Mile 6 marker was by the American Indian Museum (Which I used to service) and right on the corner was a high school band. We turned north and looped back around the front of the Capitol then back down the mall. Somewhere around here I started to feel some pain in my hamstring, but I didn’t think much about it. My feet were feeling good, I was well hydrated, and breathing was steady. Somewhere between mile 7 and 8, I hit it. I had stopped for a walk, and realized my right hamstring was getting worse. I stopped and did some stretching, and took the next run very slow. It didn’t get better. Turing the last main corner and it was slightly over 2 miles left. I took a break at a port-a-jon and massaged my leg. Did some stretching and attempted to get back to it. I got about 10 seconds in and more sharp pain. I tried off and on to run for about 1/2 a mile from when it first hit, but about the 8 mile mark I made the decision to stop the running and walk the rest.
This was very disheartening. Only about 5 minutes prior, I was having a great race. It was going so great, that I had decided I was going to run the last mile without walk breaks. I’d been set to run well above my goal and was excited. When the pain over took me, I was pissed off and feeling like crap. I tried to speed walk it, but after a bit, even that was causing pain. Stopping every few minutes to stretch and rub my hamstring, and I only continued to slow down. Soon enough even the other walkers were passing me, and people were asking if I was ok.
Around the 9 mile mark, I could have easily given up. I’d been walking for over a mile, the pain was constant, and my goals had all but slipped away. One thing I kept noticing were the shirts of my fellow runners. A lot of runners were doing it in memory of fallen soldiers, or were injured or retired soldiers themselves and I used that to help me through the last mile. Hobbling along, I came into the last turn and pushed through to the finish. I nearly collapsed, not in exhaustion, but from the pain. I found the medic tent and checked in to have my hamstring looked at. The Dr. that saw me agreed that it was a cram and not a pulled muscle. I did some stretching and proceeded to go find Jen and Connor. I collected my medal, hobbled over to our pre-arranged meeting spot, and sat down, contemplating the race. We were supposed to meet some friends afterwards, but decided it was better to head home.

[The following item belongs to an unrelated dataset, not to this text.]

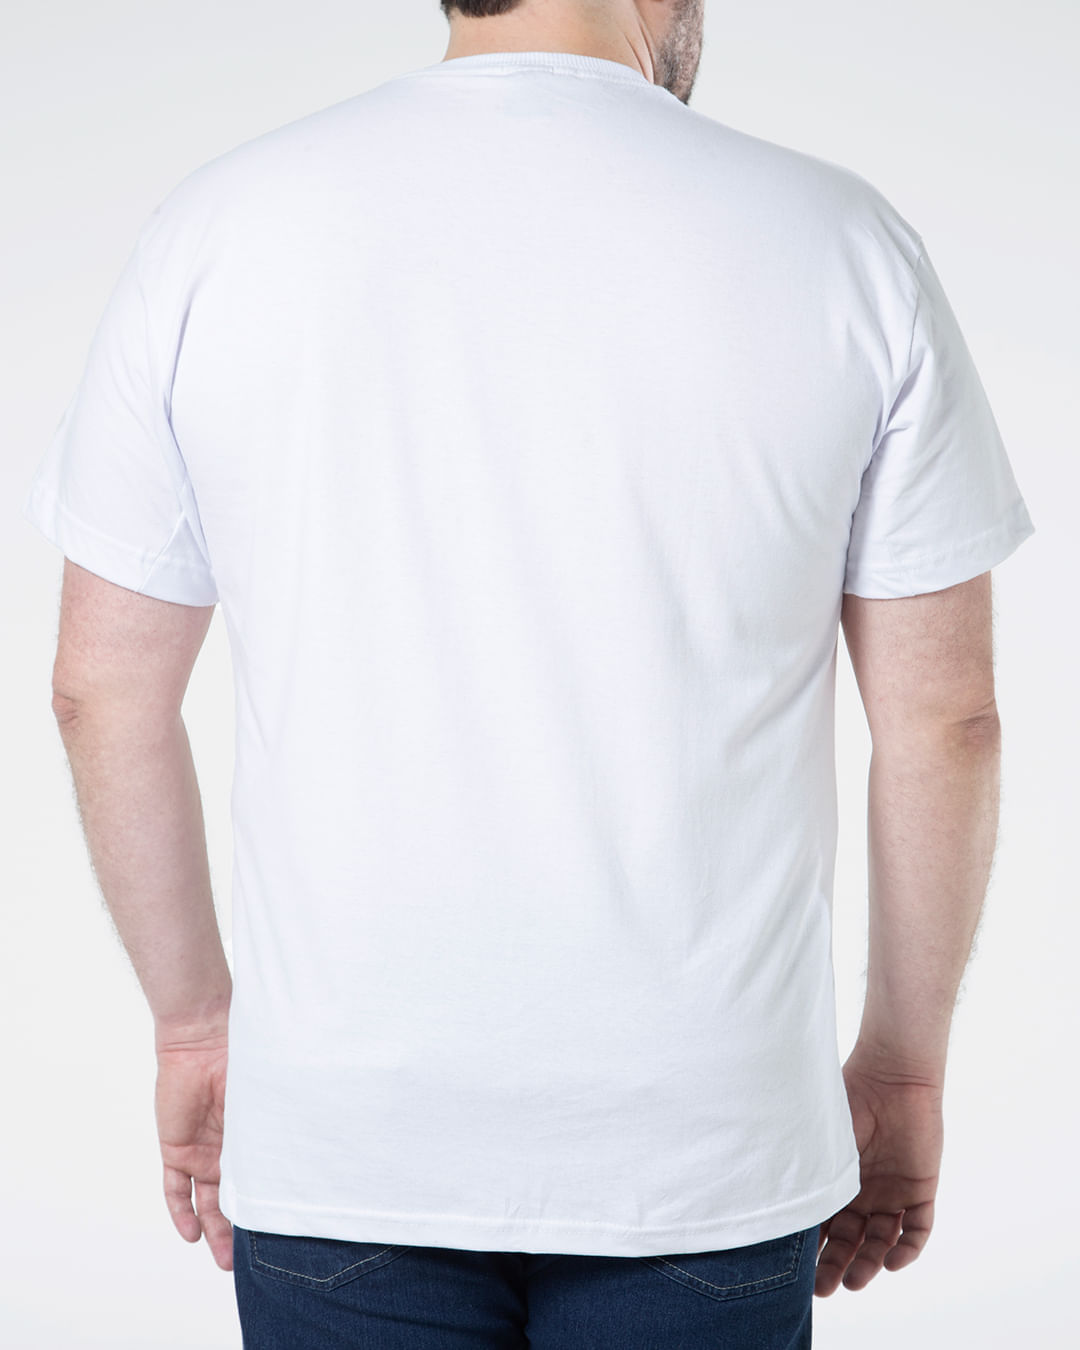 Camiseta-Masculina-Plus-Size-Estampada-Coqueiros-Fatal-Branca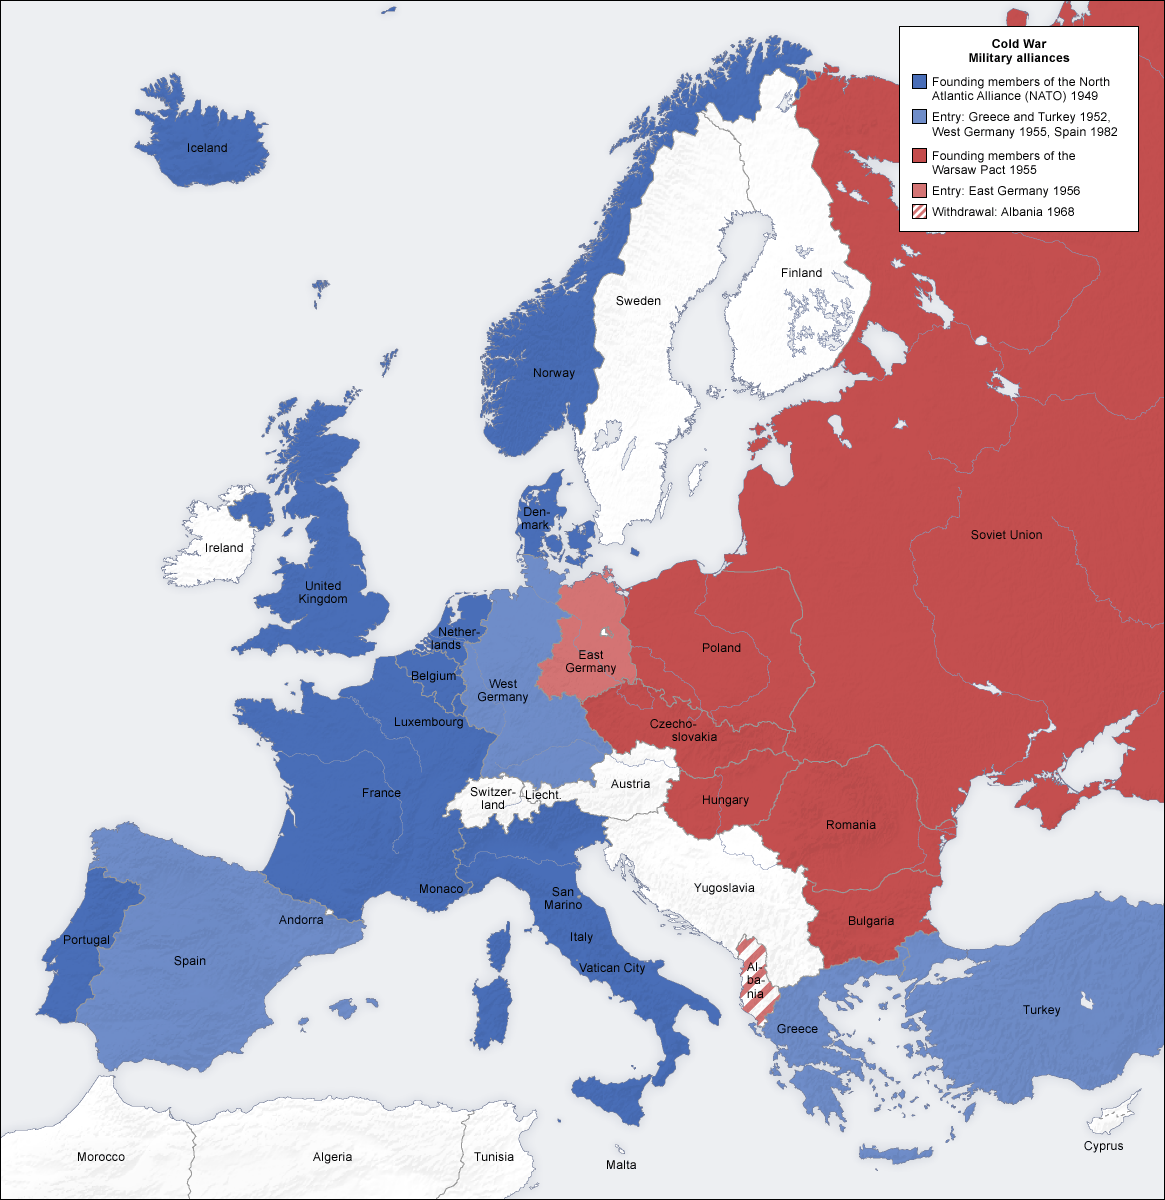 冷戦期のヨーロッパ勢力図。青がNATO、赤がワルシャワ条約機構、白が両同盟に属さない国家である。濃い色は発足時の加盟国、薄い色はその後の加盟国を指す。

When we got off the metro at the last stop, a fellow runner got up, and was hobbling similar to me. Come to find out he works at Fort Meade as well, and had a similar (although not as severe) injury as me. It’s strange, but that made me feel better.
So to sum it all up… The Army 10 Miler was one of the best races I’ve been in. Partially because I work for the Army, used to work in the area of the race, and the administration and spectatorship of the race was top notch. the first 7.5 miles of the race I was kicking ass. I was feeling great, having a good time doing it, and happy as can be. The last 2.5 miles were a struggle I faced and beat. Even though it came off crappy towards the end, the race was still an accomplishment, and I am very glad I did it. Did I meet all of my goals, no. Did I complete my first one (to finish) yes I did and I’ll do it again next year damnit! Possibly side by side with my wife too!